TASK GOAL: Starting at the line with "A Fair Model" and going on through the line with "Nuovi arrivi sneakers", reproduce each line in the records below exactly and nothing more.

[INPUT RECORDS — start]

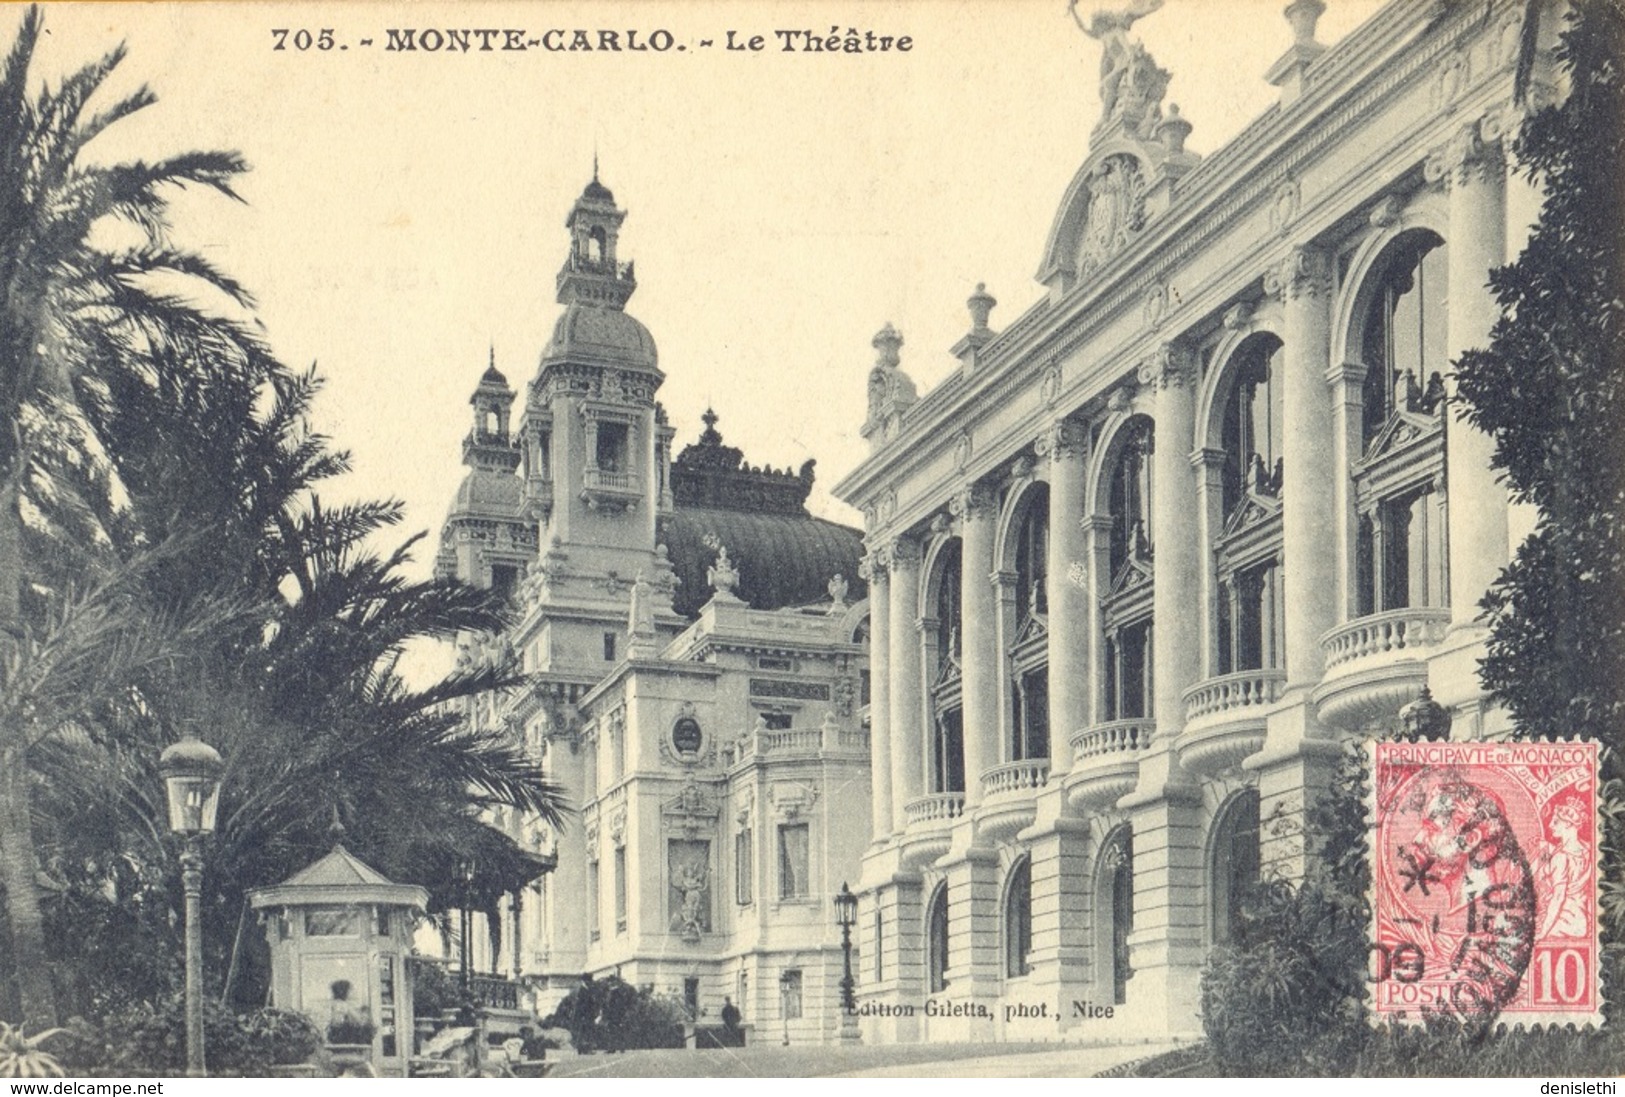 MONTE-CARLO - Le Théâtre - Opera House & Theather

[INPUT RECORDS — finish]
[INPUT RECORDS — start]

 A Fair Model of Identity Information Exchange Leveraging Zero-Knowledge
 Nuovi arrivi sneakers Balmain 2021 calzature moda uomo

[INPUT RECORDS — finish]

RESPONSE BOX:
 A Fair Model of Identity Information Exchange Leveraging Zero-Knowledge
 Nuovi arrivi sneakers Balmain 2021 calzature moda uomo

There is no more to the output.